You see, Garry has form for the occasional late-night outburst.
First it was a YouTube video threatening to “wipe out” progressive city supervisors over their concerns about driverless robotaxis. Then, a few months later, he posted a picture of his private Macallan collection, adapted Tupac Shakur’s Hit ‘Em Up, and told the same supervisors to “die slow motherf*ckers.” That night ended with two police reports and a public apology.
Back in the room, Garry is clear-headed and articulate. Explaining that YC’s success has always boiled down to one gospel rule: no solo founders. Ever. Team always came first.
But that rule is changing.
Garry’s own open-source experiment, published on GitHub two days before, is called gstack. The README confirms: “a single builder with the right tooling can move faster than a traditional team.”
gstack is a startup of twenty AI agents: a CEO, an engineering manager, a senior designer, a technical writer, a chief security officer. And more.
One is called the Paranoid Staff Engineer.
By the time we’re in the same room, gstack has already trended on Product Hunt. It now has over 33,000 stars and more than 4,000 forks on GitHub.
Tan: “Once you try it, you’ll realise: It’s like I was able to re-create my startup that took $10 million in VC capital and 10 people, and I worked on that for two years.”
Let’s picture it.
It’s 2am in San Francisco. Garry is in his man cave, fifteen sessions deep, alone at a screen. He can’t sleep. “Let’s see what’s going on with the workers,” he says.

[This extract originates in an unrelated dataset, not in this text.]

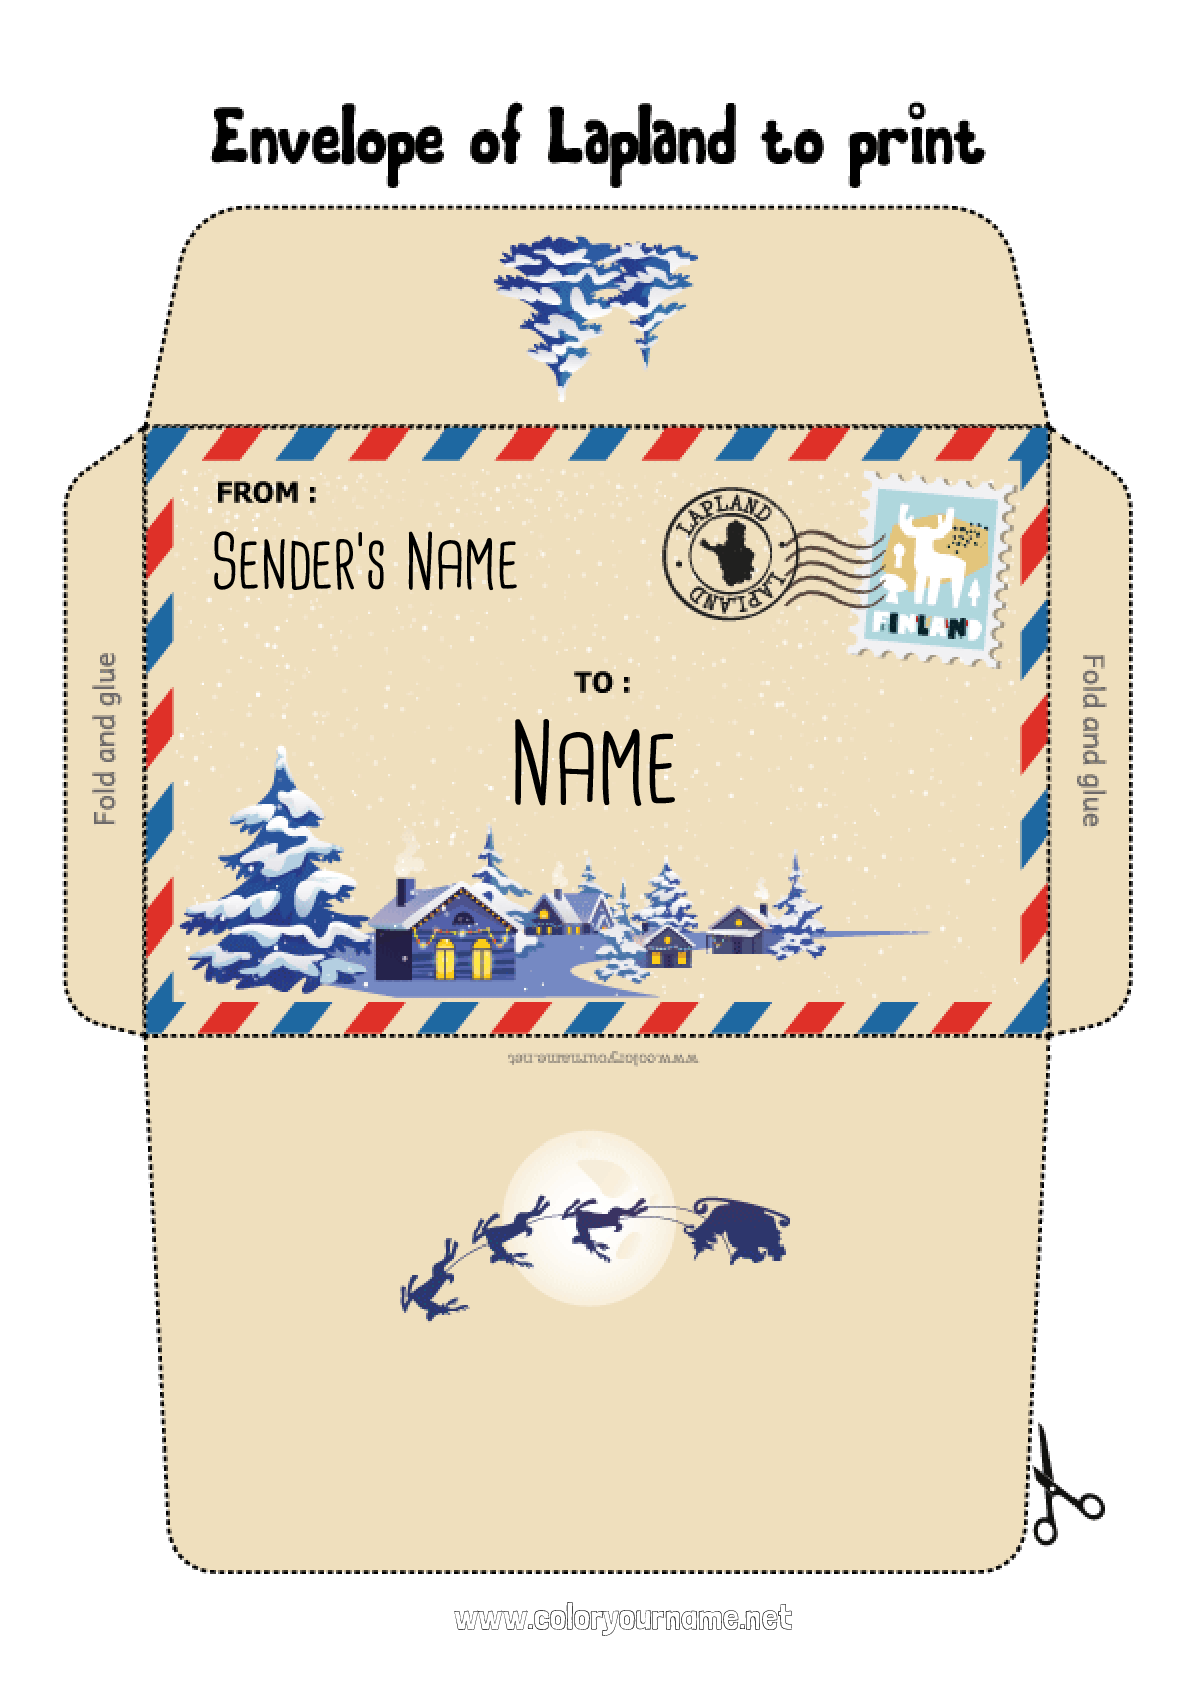 Coloring page No.3446 - Christmas Envelope Envelope to print

The CEO wants a feature. The engineer starts building it. The QA lead tests it. The security officer worries about it. The Paranoid Staff Engineer worries about everything.
None of them need paying. None of them have blue days. None of them get feelings about the strategy. None of them have children, dogs, or pet parakeets, or ever need the 4pm train. None of them go home. None of them have ever gone home.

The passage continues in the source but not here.